Which is the third thing that strikes you about the children's garden, tucked inside Longwood's grand East Conservatory: For all the water, it's very Longwood in other ways, too.
"This is a display garden in the European tradition - majestic, elegant, dignified," says Tres Fromme, lead designer of the children's garden. Three words that might not naturally spring to mind when the subject is kids and horticulture.
And so, in addition to 17 fountains, a secret room, a square maze with obelisk tower, a grotto and cave, a bamboo maze, rain pavilion and central cove, the new garden abounds in artistry.
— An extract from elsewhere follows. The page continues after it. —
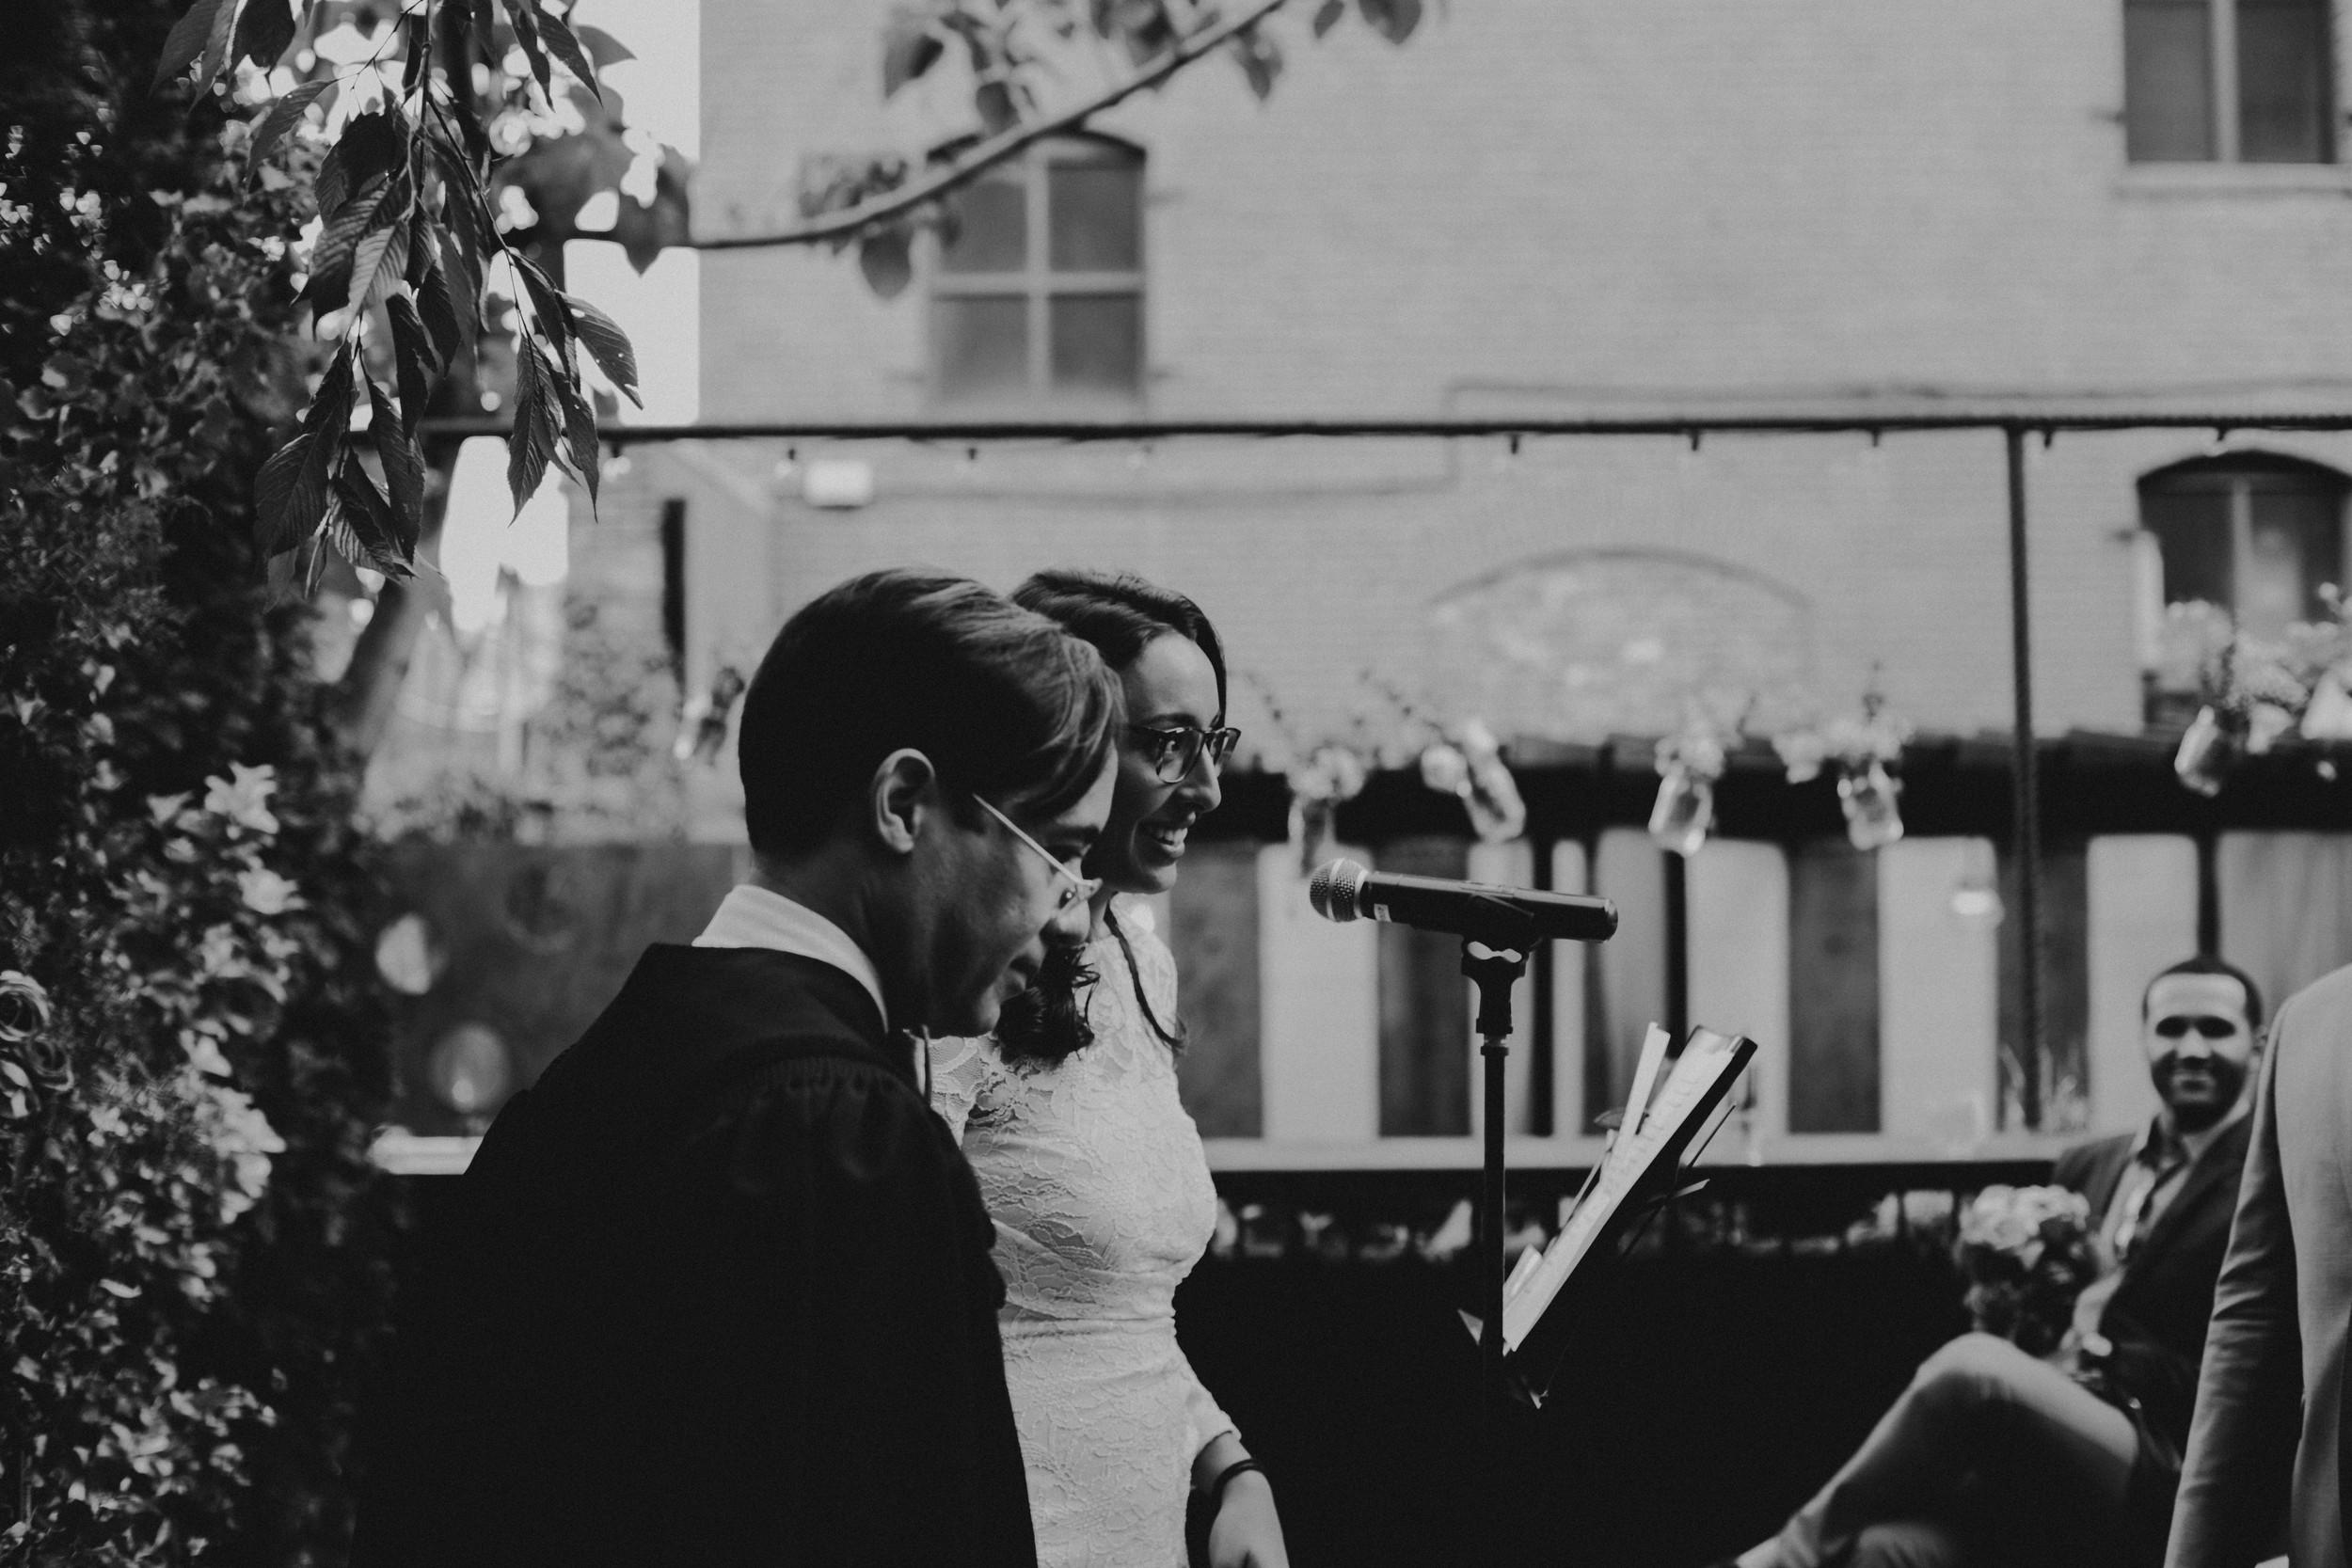 MY_MOON_WILLIAMSBURG_WEDDING 2511.jpg

It has exquisite bronze and stone sculptures, arresting mosaics, artisan metalwork, and 50 kinds of plants chosen for fragrance, texture, color and toughness.
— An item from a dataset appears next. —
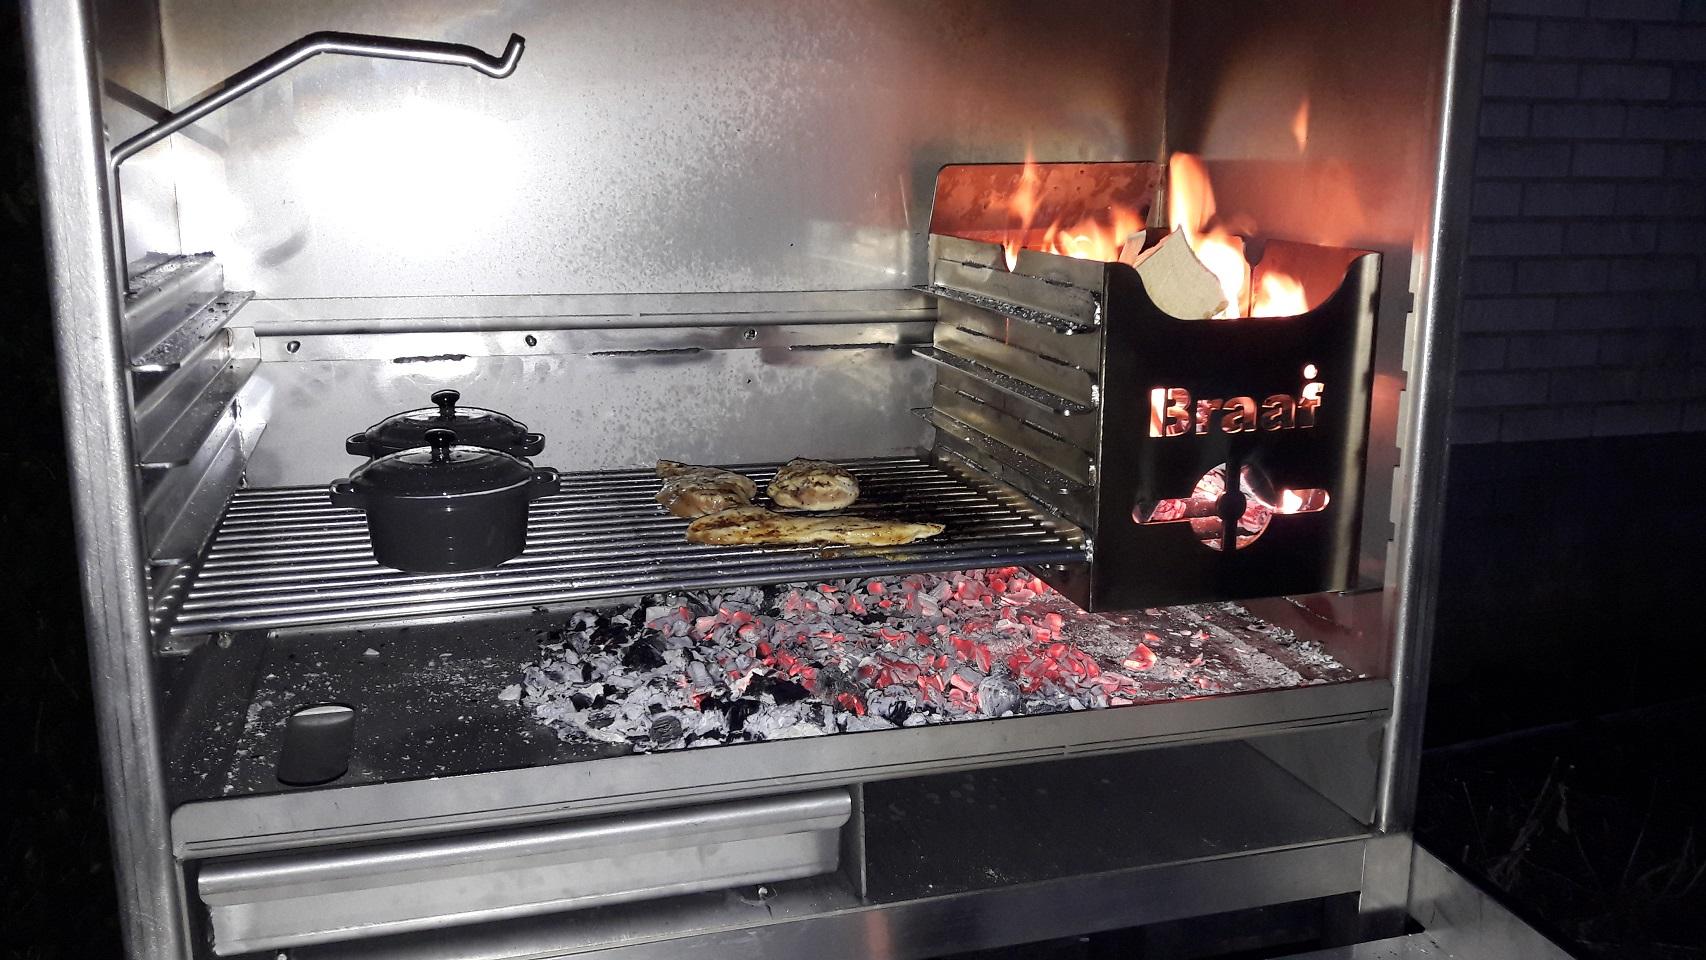 Braai inbouw-model houtskool-bbq, pizza-oven en houtkachel in 1

The garden's been in the works for 10 years, cost $18 million, and covers 4,000 square feet. But it's the spirit of the place, rather than the practicalities, that fascinates.
Where did the ideas come from?
Fromme and others visited children's gardens in Atlanta, New York City and East Lansing, Mich. They attended symposiums on youth gardening and studied European gardens.
They considered playground equipment, taking note of bridges and tunnels, overlooks, ladders and caves. And they organized focus groups of "tweens" (12- and 13-year-olds) and adults, asking not about gardens, but about space: What do you like to do, or remember doing, in the outdoor spaces of your childhood?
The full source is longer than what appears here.